The convolution kernel is also called the receptive field (receptive filed)
The sum of the inner product of the convolution kernel and the local image is a pixel of the next layer of image. That pixel only sees part of the previous image.
--------------------------------------------------------------------------------------------------------------------------------
Due to the multiple convolution kernels, the 5 blue neurons in the figure below have the same receptive field, but they have different roles. Because the parameters of the convolution kernel are different
--------------------------------------------------------------------------------------------------------------------------------
The pooling layer is a downsampling process to reduce the size and the number of weight parameters.
pooling does not change image depth
When pooling, the stride of the convolution kernel needs to make the convolution kernel not repeatedly cover the image, that is, downsampling the image division area.
2*2 filter, stride=2, will halve the size, which is very common.
The j convolution kernel weight parameter is a templete (template).
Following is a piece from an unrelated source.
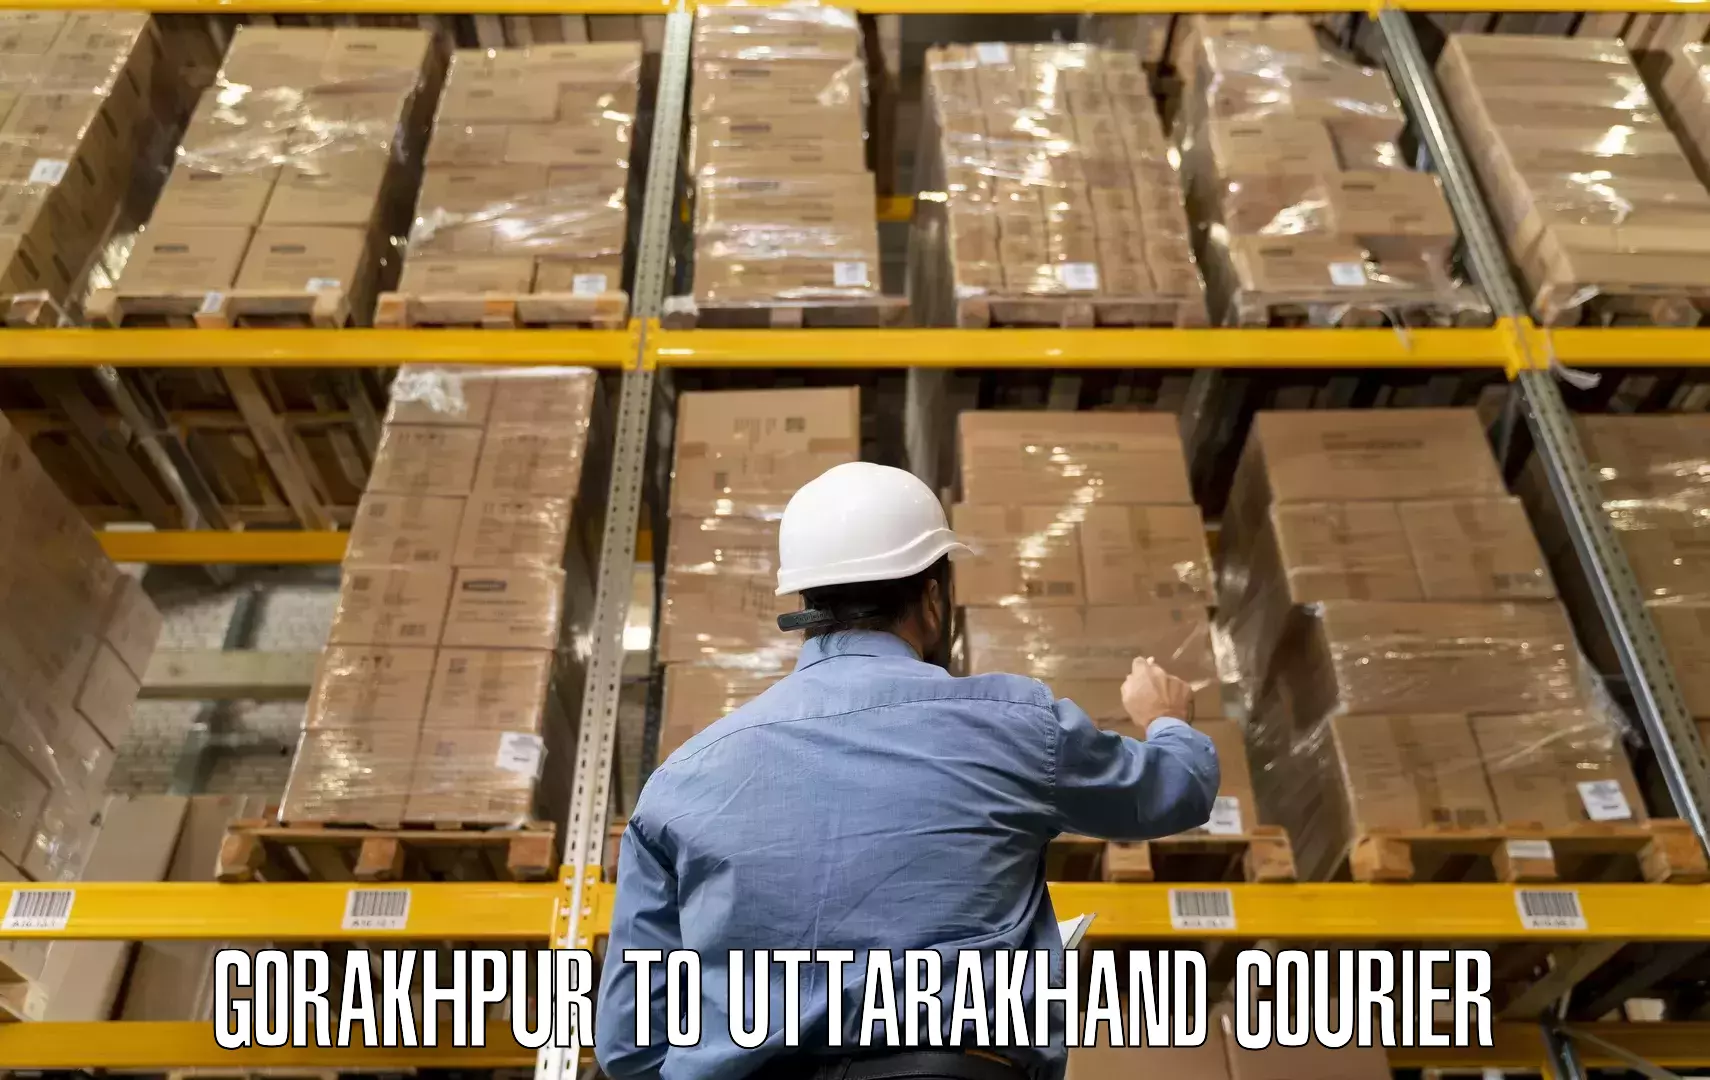 Furniture moving experts Gorakhpur to Pithoragarh
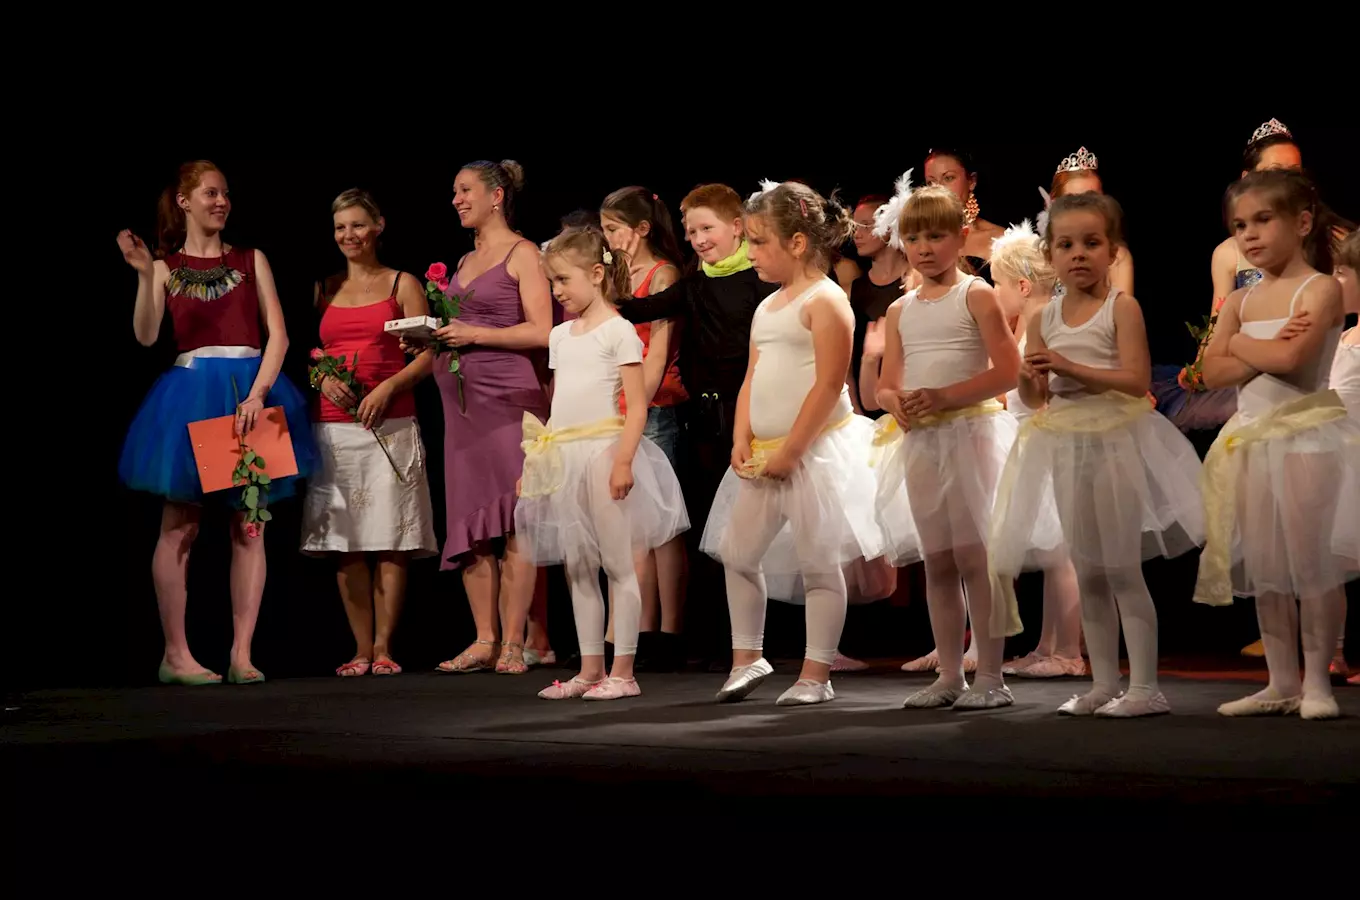 Taneční škola Baby dance - kurzy pro malé baletky v Praze

The convolution kernel of the initial layer is the template of the edge, and the convolution kernel of the subsequent layer is the template of high-order features.
Each layer utilizes the features extracted by the previous layer.
-----------------------------------------------------------------------------------------------------------------------------------------------------------------------------------------------
https://cs.stanford.edu/people/karpathy/convnetjs/demo/cifar10.html
You can view the results of conv net internal layers and weight visualization
--------------------------------------------------------------------------------------------------------------------------------------------------------------------------------------------------
development trend:
1 Use smaller convolution kernels and deeper networks
2 Do not use pooling and fully connected layers
Because pooling can do it, it can also be done by stride>1 of the convolution kernel.